→ **ACTIVITY**
Output nothing but the lines from the first line of the listing below through the line containing "Mohawk Trail Massachusetts", printed exactly and free of pictures.

→ **PROVIDED DATA**
┌──

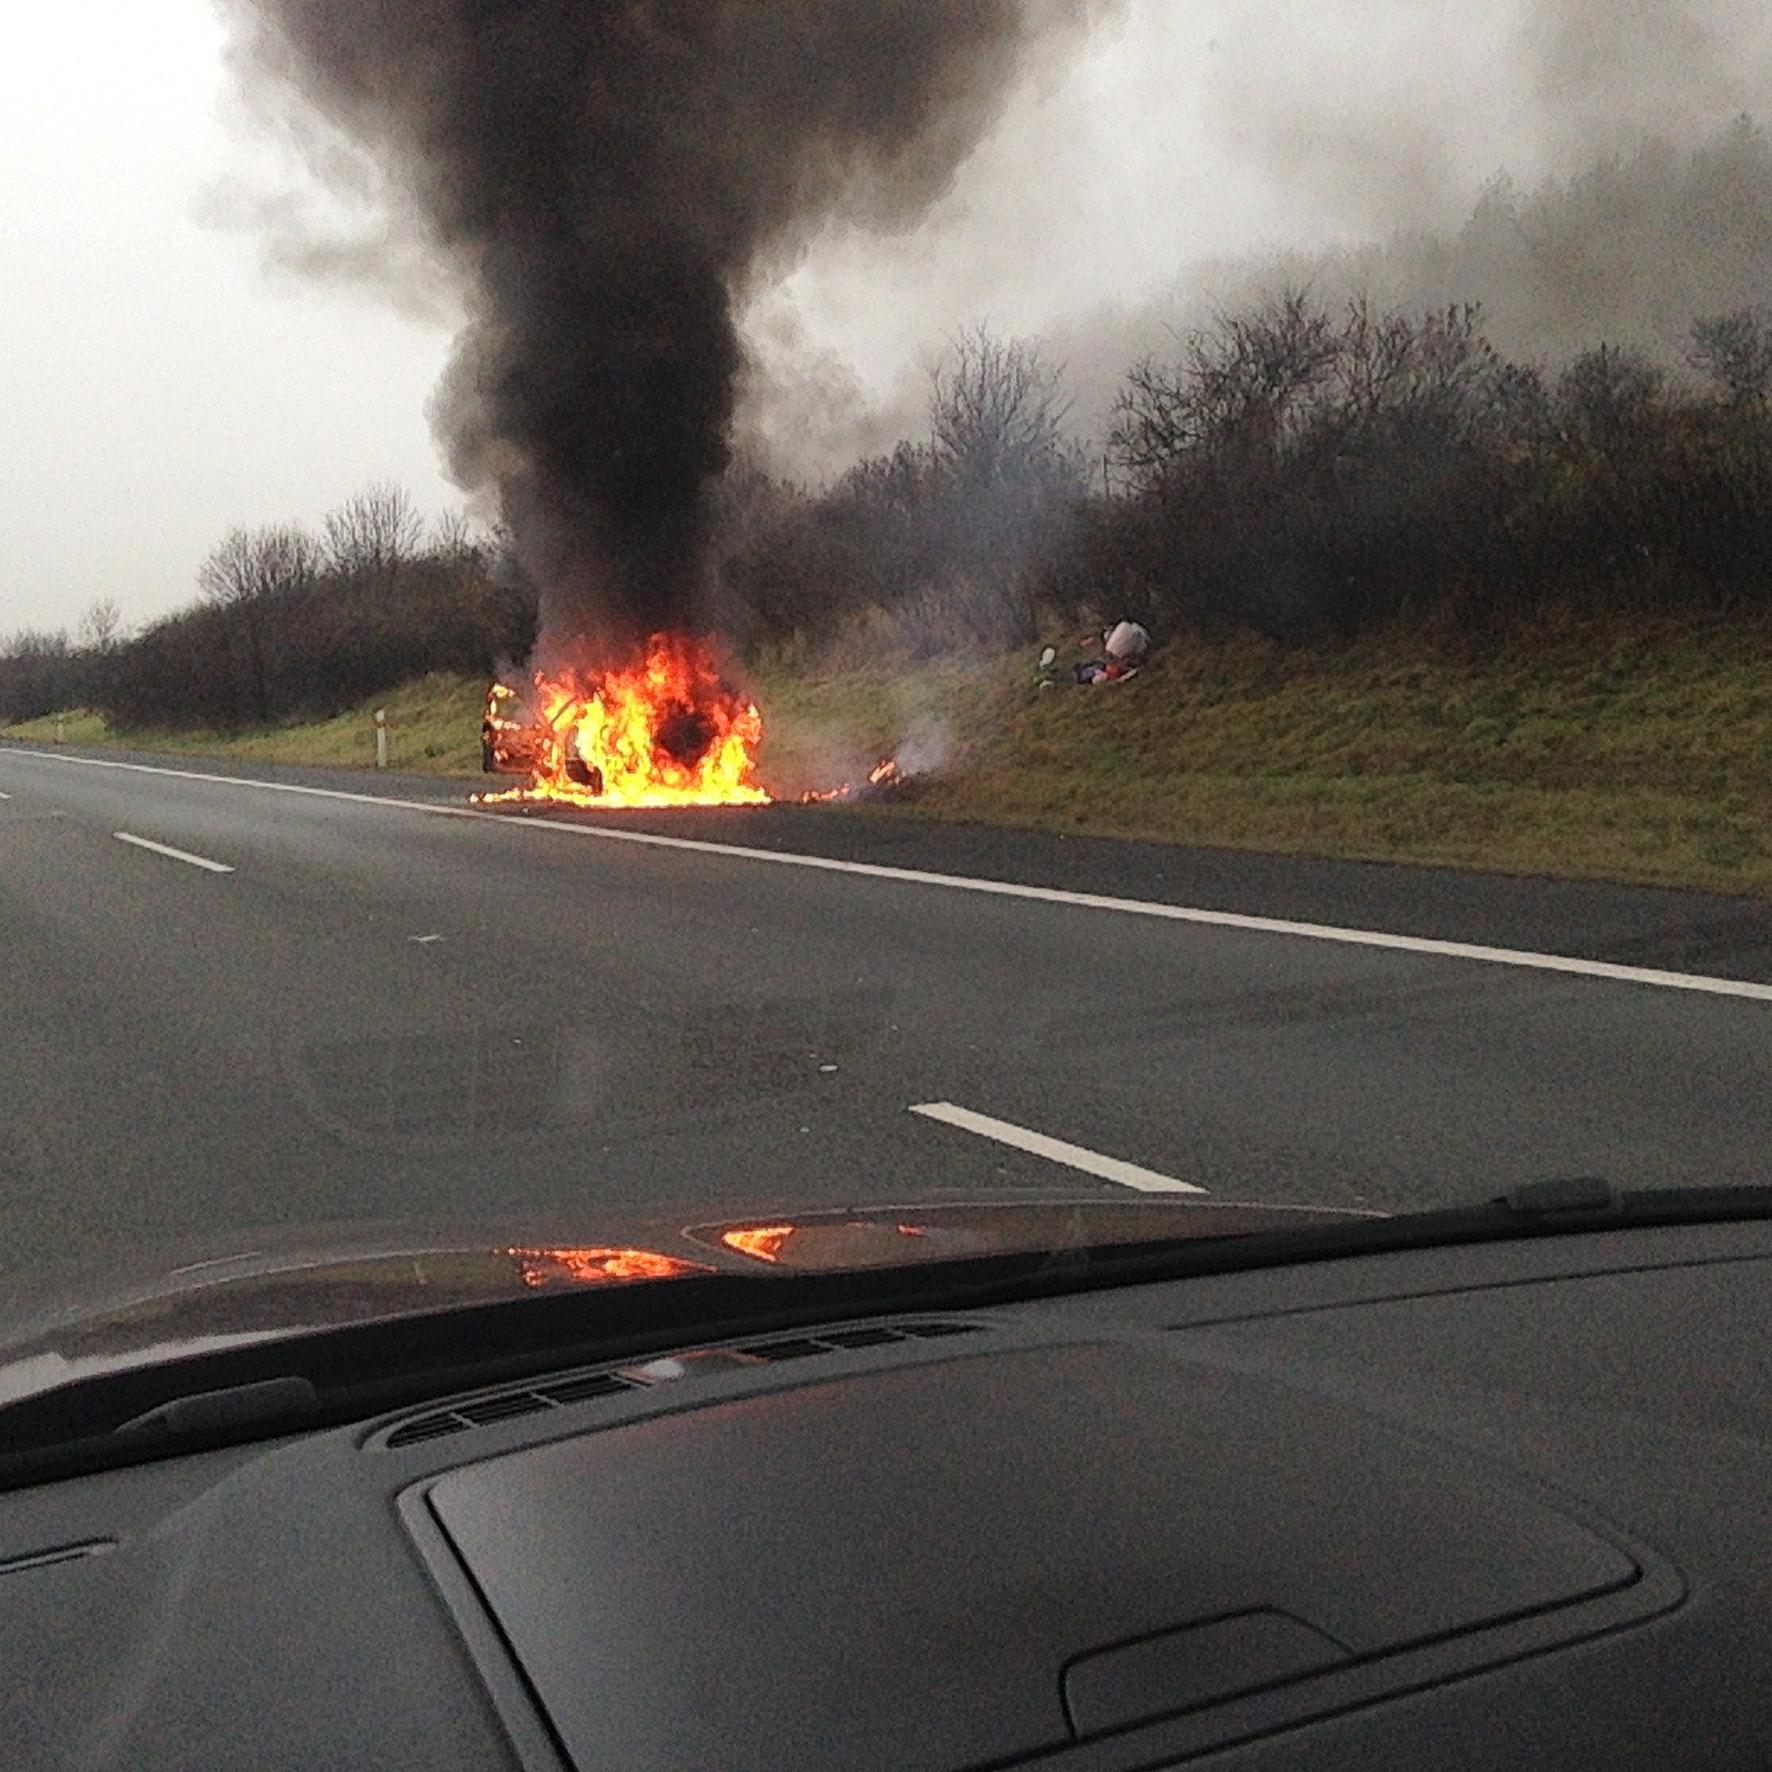 mid Groß-Gerau - Vorsicht Brandgefahr: Ein Unfall mit einem Elektroauto kann fatale Folgen haben. edusoft / pixabay.com
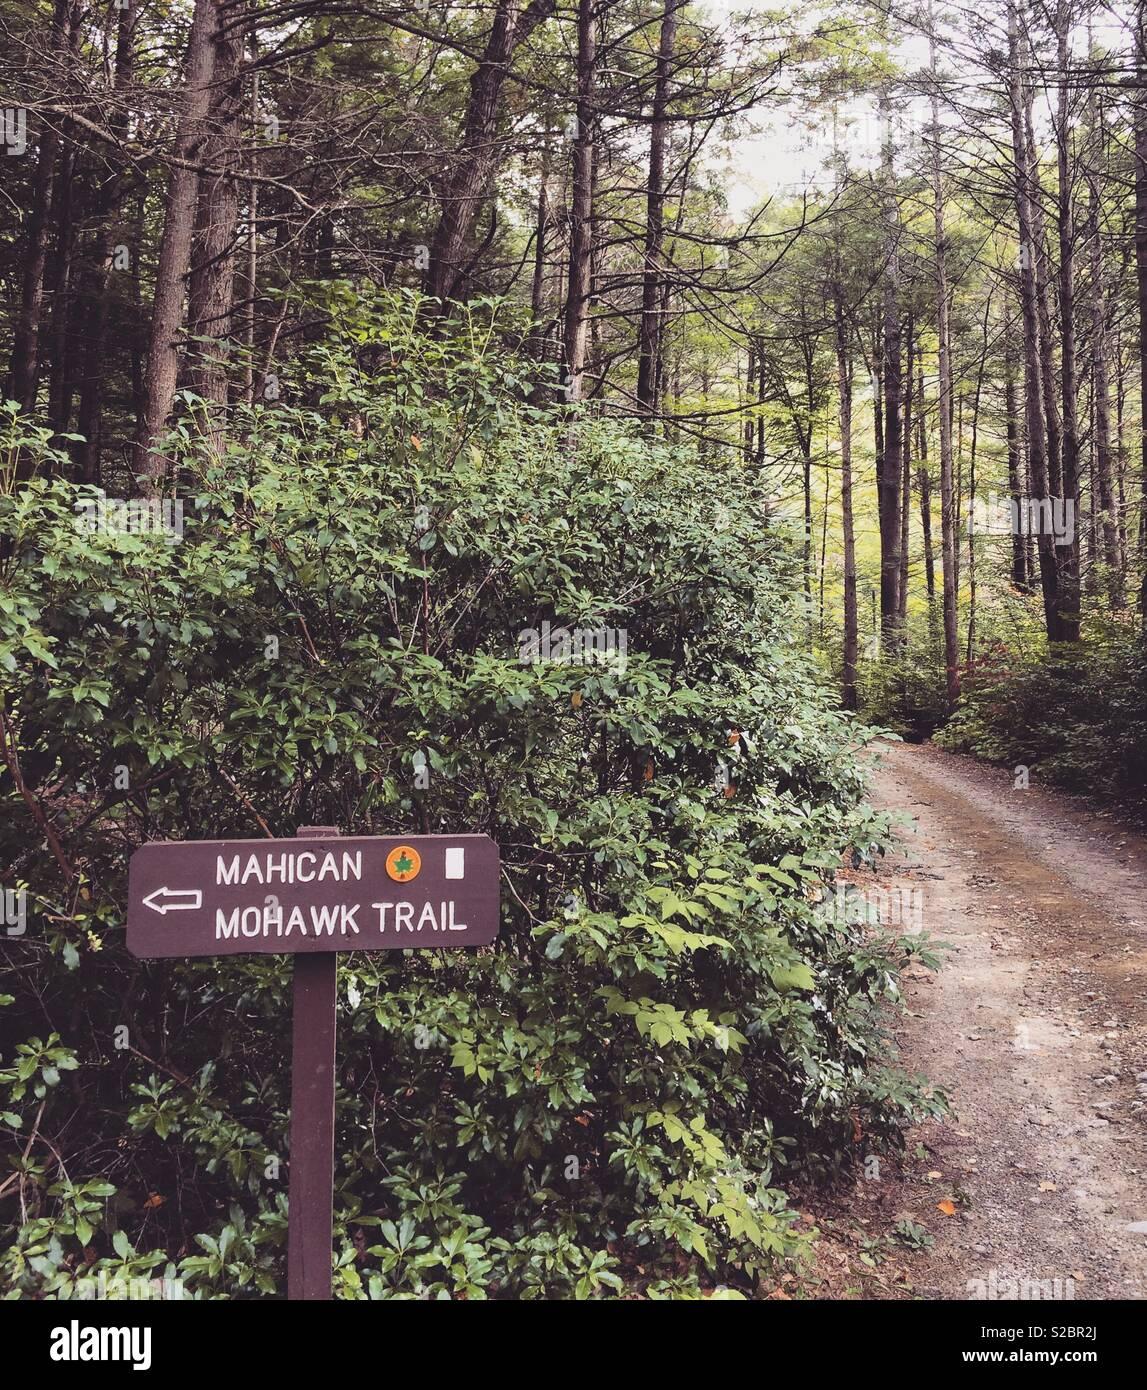 Mohawk Trail Massachusetts Stockfotos und  bilder Kaufen   Alamy
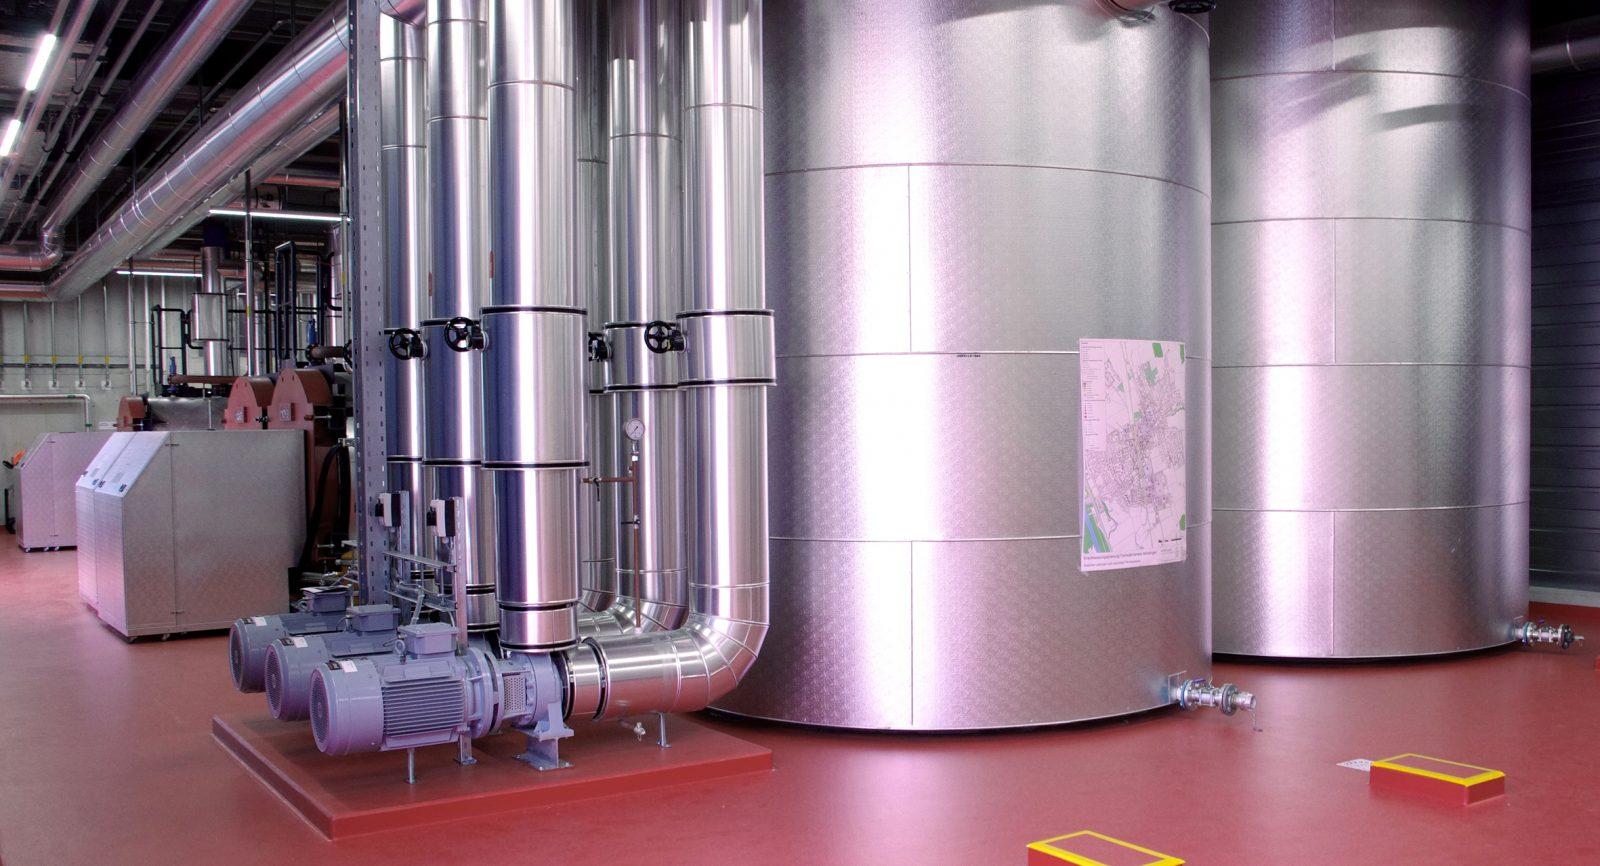 Zwei Pufferspeicher und drei Zweistoffkessel (Spitzenlast und Redundanz) stehen in der Energiezentrale zur Verfügung. Die Fundamente für das zweite BHKW im Endausbau sind bereit.

└──

→ **EXERCISE OUTPUT**
 mid Groß-Gerau - Vorsicht Brandgefahr: Ein Unfall mit einem Elektroauto kann fatale Folgen haben. edusoft / pixabay.com
 Mohawk Trail Massachusetts Stockfotos und  bilder Kaufen   Alamy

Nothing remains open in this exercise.